When people talk about complex systems, like battles, politics, etc. they're using simulations in their heads, which are only be described through words, maybe some edited videos. So to compare different author's perspectives we read their books and run a different, imprecise simulation in each of our heads. Why not just run a single precise simulation for each author?

Well, most of society only uses computers to edit text. Same text that could have been written centuries ago, but now more conveniently.

The possibilities of video have also been explored. I've watched many hours of good documentaries on the Battle of Waterloo. Also Gettysburg and many others. But a few plays of http://www.ultimategeneral.com explained things better. Also played the Total War series but the way large historical battles are represented there is a mess. It can only handle small battles of 1000 men believably.

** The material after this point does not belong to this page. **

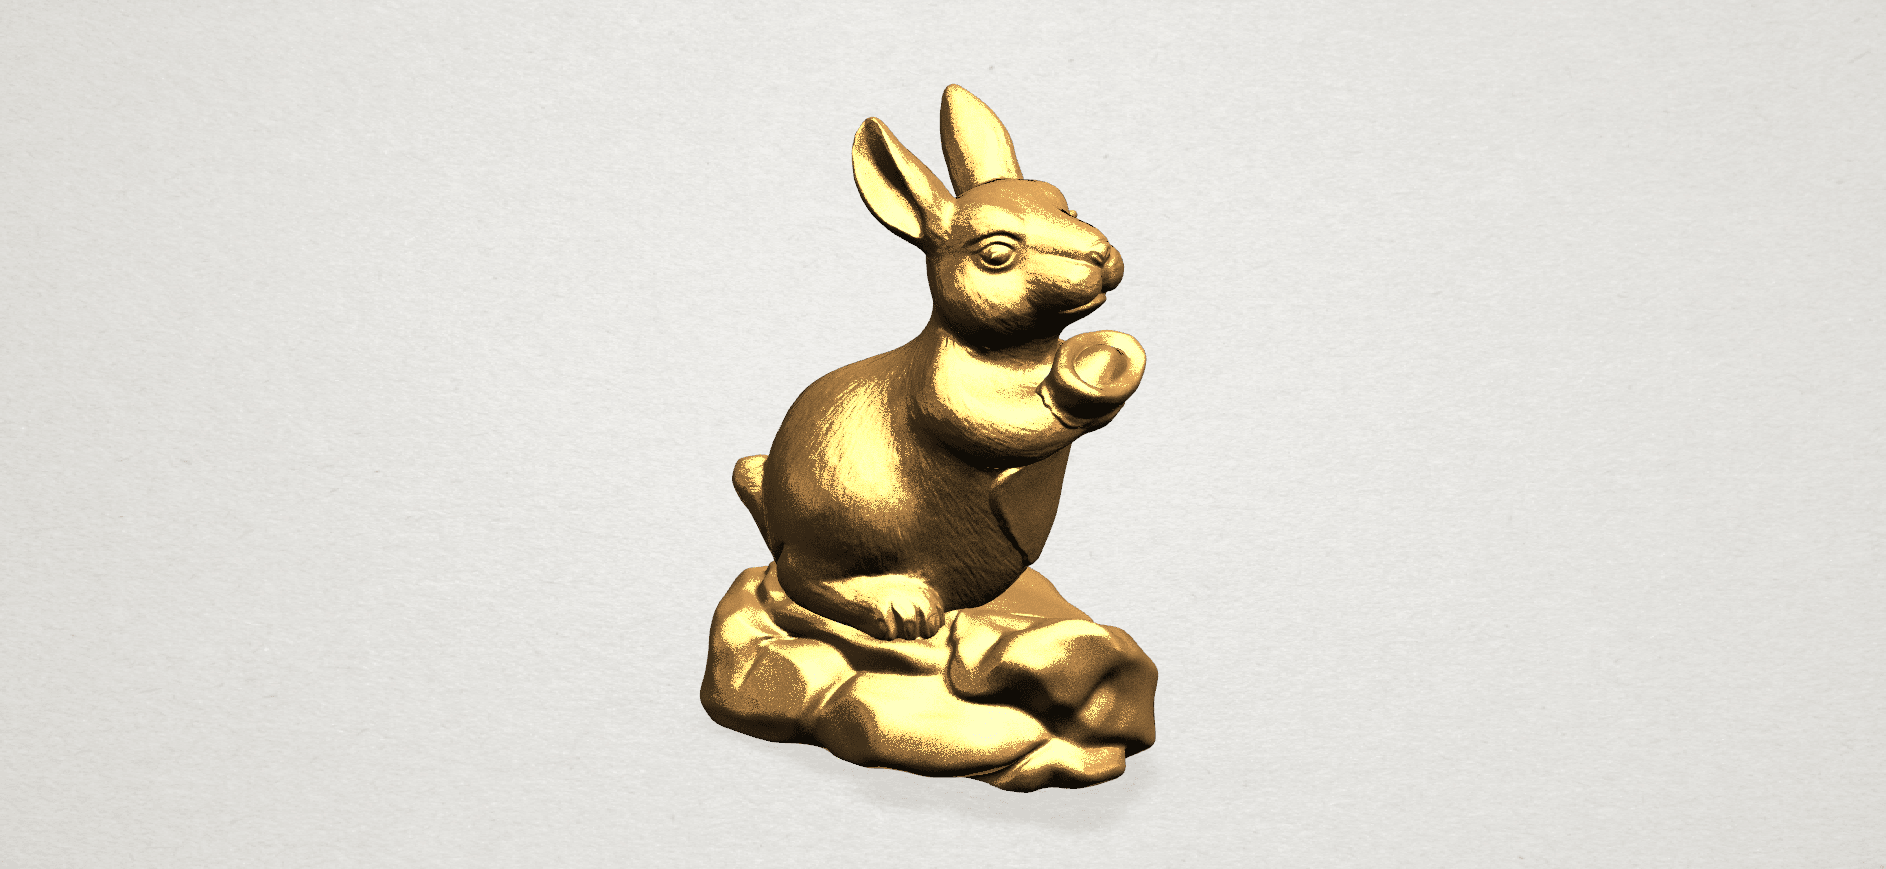 Chinese Horoscope04-02.png Télécharger fichier STL gratuit Horoscope Chinois 04 Lapin • Design à imprimer en 3D, GeorgesNikkei

I didn't read the article that you vaguely describe, but much of what you're suggesting sounds like gimmicks that would detract from, not enhance, understanding. The written word is the most effective communication medium for real understanding, because it's the only one that's actually designed. Images and sounds work at the animal level; words let us convey intelligent thought. Videos and songs... if you want them, they're out there, but you'll learn much less from them.

Much of the rest is the sort of thing that the browser can, and should, handle generically - I can click on a word and look it up in Wikipedia, or on a place and look up its pronunciation, because I use Konqueror and it has these tools (and has for a decade, but sadly very few people seem to use it). It would be a waste for an individual site to build that in.